The model on the right can be interpreted as a series of feedback loops, As congestion increases pressure for new roads, the Capacity expansion loop (B1) acts to reduce travel time to acceptable limits.
In the short run, the travel time falls. As people of that region notice this, they start taking more discretionary trips (loop B2). Extra miles are driven (loop B3). Over time, as driving becomes more attractive than taking public transportation, the number of cars per person rises (loop B4). Loops B2 through B4 compensate for any new road construction by increasing traffic flow. Additionally, the population of any region is not exogenous, but is affected by the accessibility of the outlying districts. As the roads expand linking the region to more areas, the "economic" size of the region grows. Because of this, people move to the suburbs (loop B5). Loop B5 is further exacberated by the fact that the local governments do not encourage high density housing, thus leading to several hundreds of single family dwellings in the suburbs. The combined effect of the four negative feedbacks B2 through B5 is to compensate strongly for any decrease in travel time caused by new roads.
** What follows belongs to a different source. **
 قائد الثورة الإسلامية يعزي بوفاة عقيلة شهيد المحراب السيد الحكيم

The model illustrates the futility of attempts to reduce traffic congestion by building new roads. Traffic always expands to fill the highways available for its travel.
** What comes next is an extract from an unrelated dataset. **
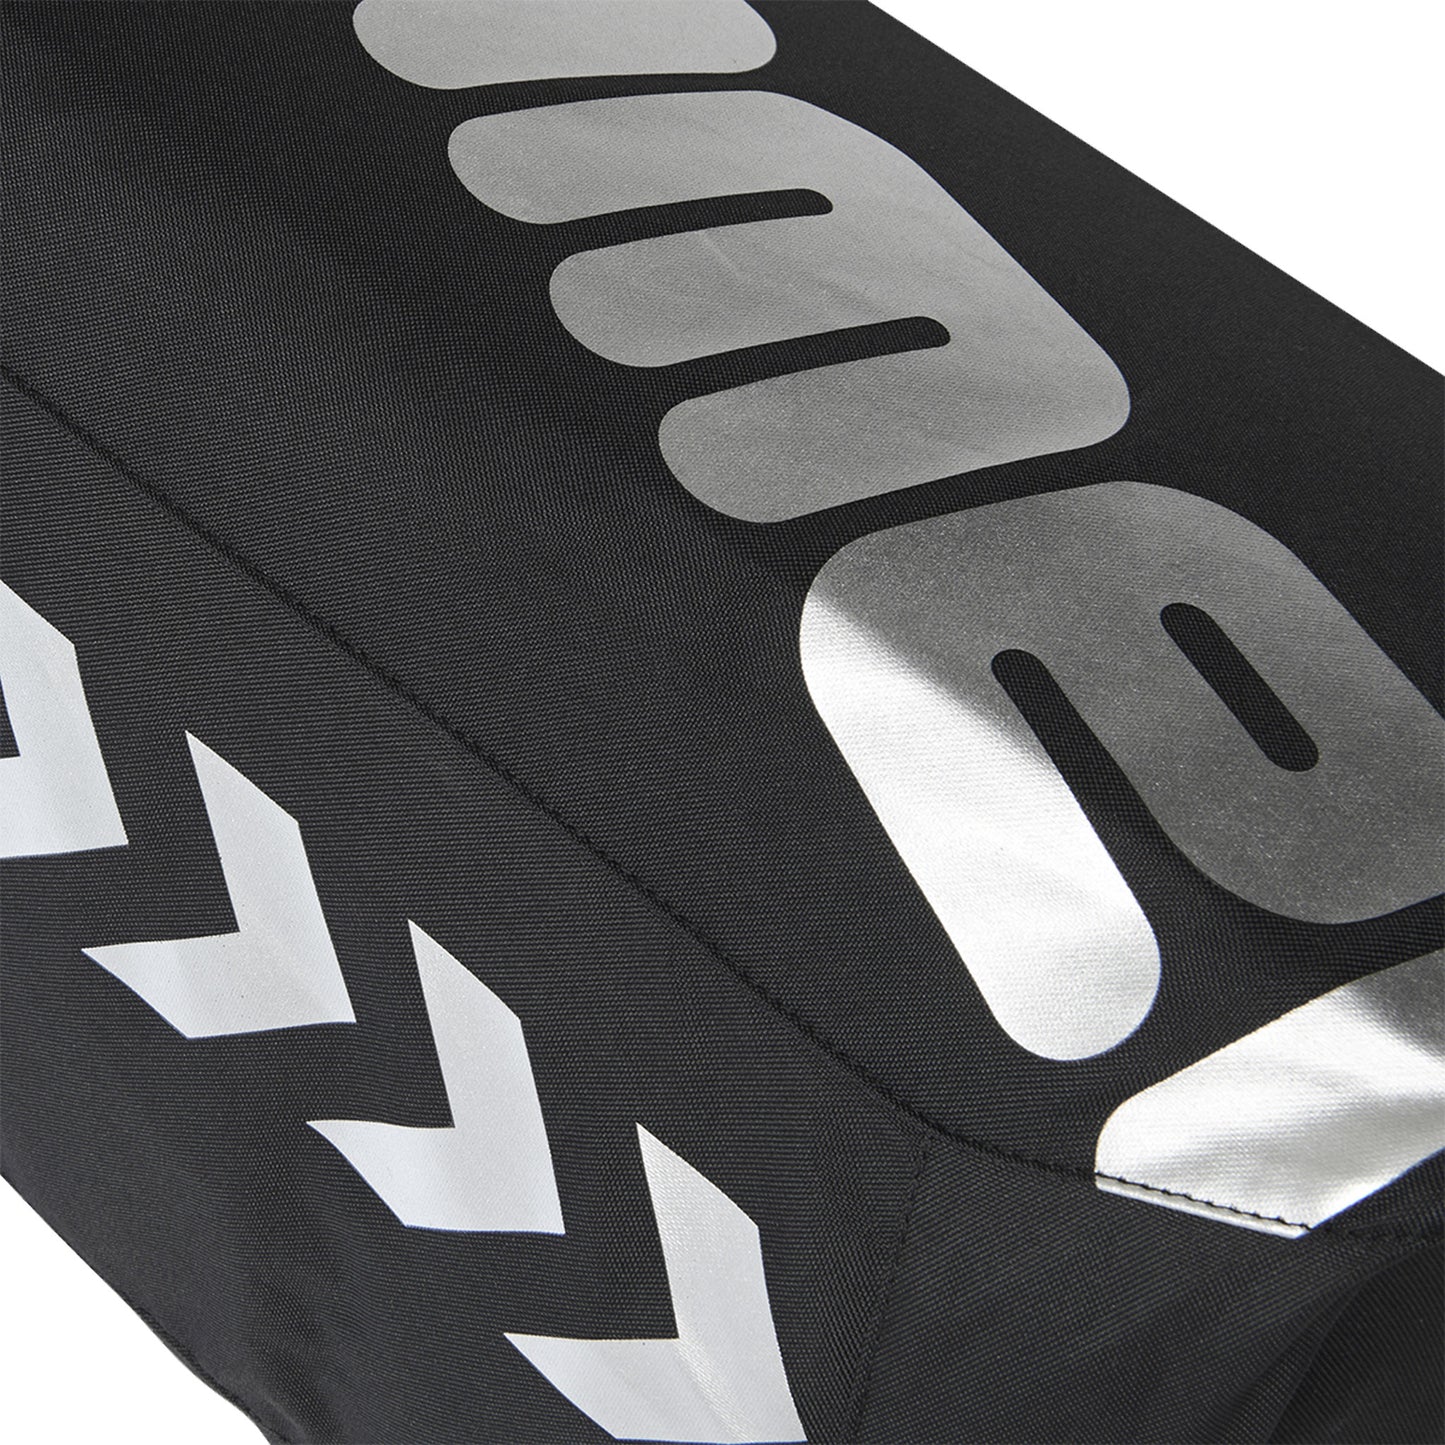 Hummel Core Sports Bag - Medium - Black

Mass Transit Options Explained Using System Dynamics
As indicated in the earlier feedback loop, traffic congestion should ideally lead to more and more people using the mass transit option(s). However, there is very little Mass transit on its own can do to stem traffic congestion. As lower travel times caused by roads increases the attractiveness of driving, transit ridership drops, leading to fall in revenue. If the transit authority tries to close its deficit by Cost Cutting (loop B6), service and quality erode. Route expansion R2 operates as a vicious cycle of decreasing ridership, greater cuts, and still fewer riders. Rising fares by most transit authorities (due to federal cuts) increases the relative attractiveness of driving and more people abandon mass transit for cars. This creates loop R3.
Mass transit systems are particularly prone to self-reinforcing feedbacks because of a high proportion of fixed costs. Attempts to build up the mass transit network to offset the positive loops that erode ridership through Mass Transit Capacity Expansion (loop B7) often fight a losing battle due to their long delays and high costs. As more and more people shift to suburbs, the locus of activity shifts outside the area served by the mass transit authorities. As population density falls, fewer and fewer people live near a bus or subway route. Public transit becomes less and less useful because You Can't Get There on the Bus, leading to still more driving and still lower mass transit ridership, in another vicious cycle, loop R4. The suburbs grow much rapidly than the addition of mass transit capacity. The spread of population into less densely populated suburbs increases the average length of trips, forming additional channels by which congestion rises to offset any gains caused by new highways. Downs, A (1992), Stuck in Traffic:Coping with peak hour traffic congestion. Washington DC, Brookings Institute advocated a seminal study which showed that the solution to reduce traffic congestion is in charging tools, reducing speed limits and installing flow restricting devices.
The problem with these solutions that policies directed at alleviating the symptoms of a problem usually fail because they trigger compensating feedbacks, feedbacks that undercut the intended effects of the policy.
Martin Treiber has an excellent Java based simulation tool on visualization of traffic congestion. Definitely worth a watch.. The link is HERE
Any suggestions on improving ? Anyone has a positive experience in their cities or is commute equally bad for everyone out there ?
Comments
Eliminating traffic problems will require a lifestyle change combined with a huge change in urban planning & city layout.